Entre un niño de 14 años de edad y un joven de 21 años de edad, en pareja, con 2 hijos el rango de situaciones es amplísimo por lo que cualquier política pública que los abarque bajo un mismo título es, por lo menos, difícil de imaginar.

La vaguedad nos lleva al abismo donde en la cima está la nada o, peor, cualquier cosa, mientras supinamente nos encaminamos a la sima.

Notemos que la participación la circunscribe únicamente (“su desarrollo”) al joven (egocentrismo) y no, por caso, a que su involucramiento incida en toda su comunidad (integral); esto además conlleva, posiblemente, poca empatía general.

¿Cómo la ciudadanía puede evaluar el cumplimiento cabal por parte de los poderes públicos en cuanto a esta Política?

En otro caso encontramos que: “JÓVENES. El Municipio promueve acciones tendientes a generar la inserción política y social de los jóvenes; garantiza la igualdad real de oportunidades; posibilita [6] la incorporación al mercado de trabajo impulsando la formulación de programas de capacitación técnica y de aptitudes intelectuales y artísticas, conforme a la realidad productiva regional; informando, consultando y escuchando las necesidades de los mismos, reconociendo la función transformadora [7] y los aportes de la juventud a la vida comunitaria”. [8]
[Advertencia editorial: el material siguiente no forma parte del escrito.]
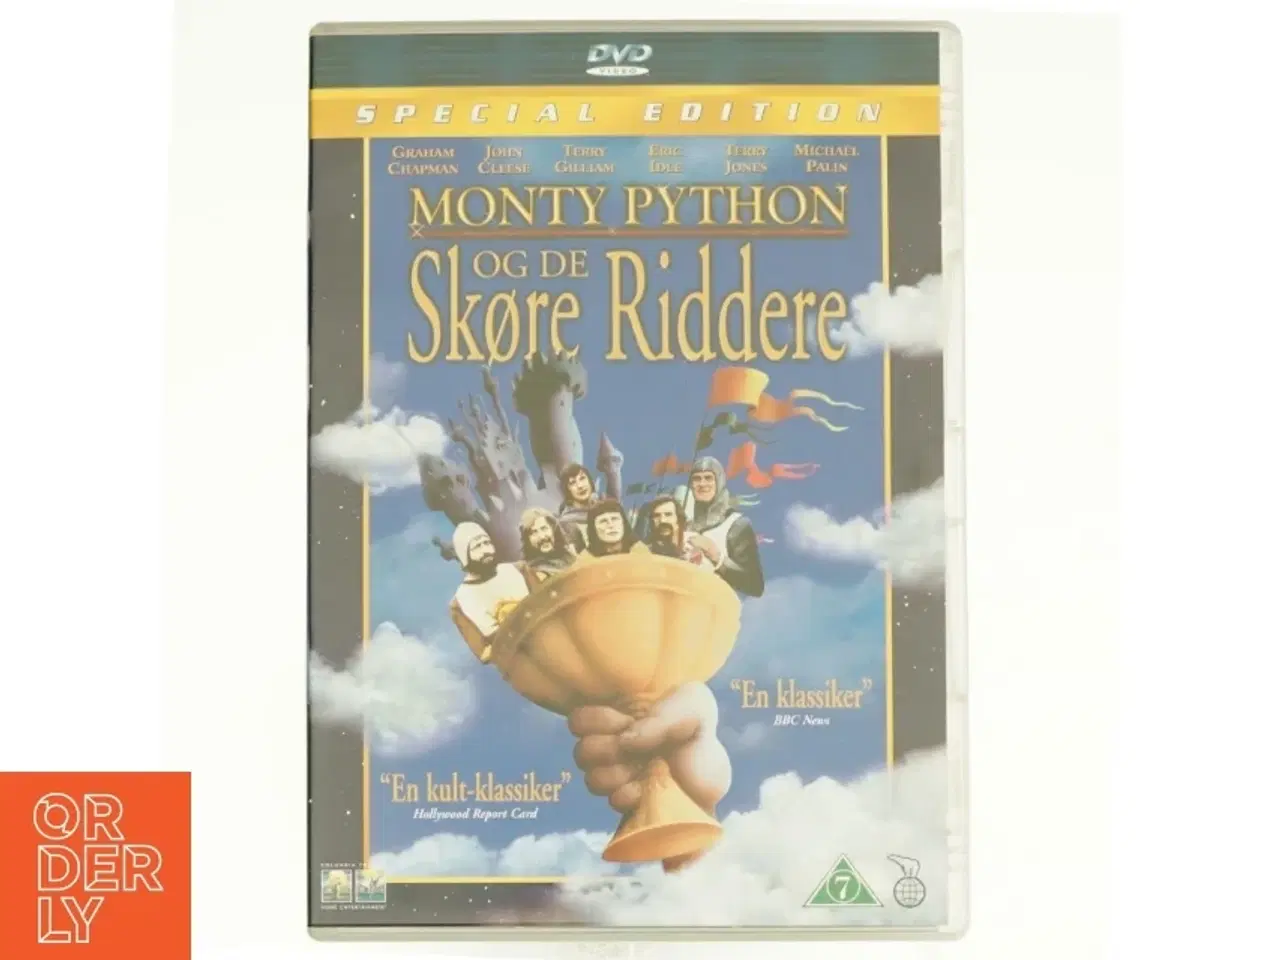 Billede 1 - Monty Python og de skøre riddere (dvd)

Si comparamos los dos artículos podemos observar claramente la diferencia en la calidad en la técnica legislativa de ambos y sus respectivas ideologías.


 
[1] Wilde, Oscar. El retrato de Dorian Gray. Editorial Losada. Buenos Aires, Argentina. 20 de septiembre de 1938.
[2] Podría ser una política pública integral para todos los grupos etarios, incluyendo todas las características propias de cada edad e interés.
[3] Como plantean tres grupos etarios, en este caso solamente menciona el tercero: jóvenes, deja de lado a los adolescentes.
[4] Convención Constituyente. Carta Orgánica. Artículo 42°. Río Grande, Provincia de Tierra del Fuego, Argentina. 30 de noviembre de 2006.
[5] Hemos conocido miembros de juventudes partidarias con más de largos 30 años de edad.
[6] Si hubieran querido ser precisos, quizá los convencionales tendrían que haber elegido verbos como por ejemplo: contribuir, facilitar, acrecentar posibilidades, etcétera. La capacitación puede ser una causa necesaria para generar ingresos económicos pero no es la suficiente.
[7] En un texto legal, ¿qué debe entenderse como función transformadora? ¿Quién decidió que necesariamente es así? ¿Son consultados al respecto los jóvenes? ¿Los padres opinan? ¿Existen evaluaciones fehacientes de su cumplimiento? ¿Se otorgan presupuestos específicos?
[8] Convención Constituyente. Carta Orgánica. Artículo 62. Ushuaia, Provincia de Tierra del Fuego, Argentina. 28 de marzo de 2002.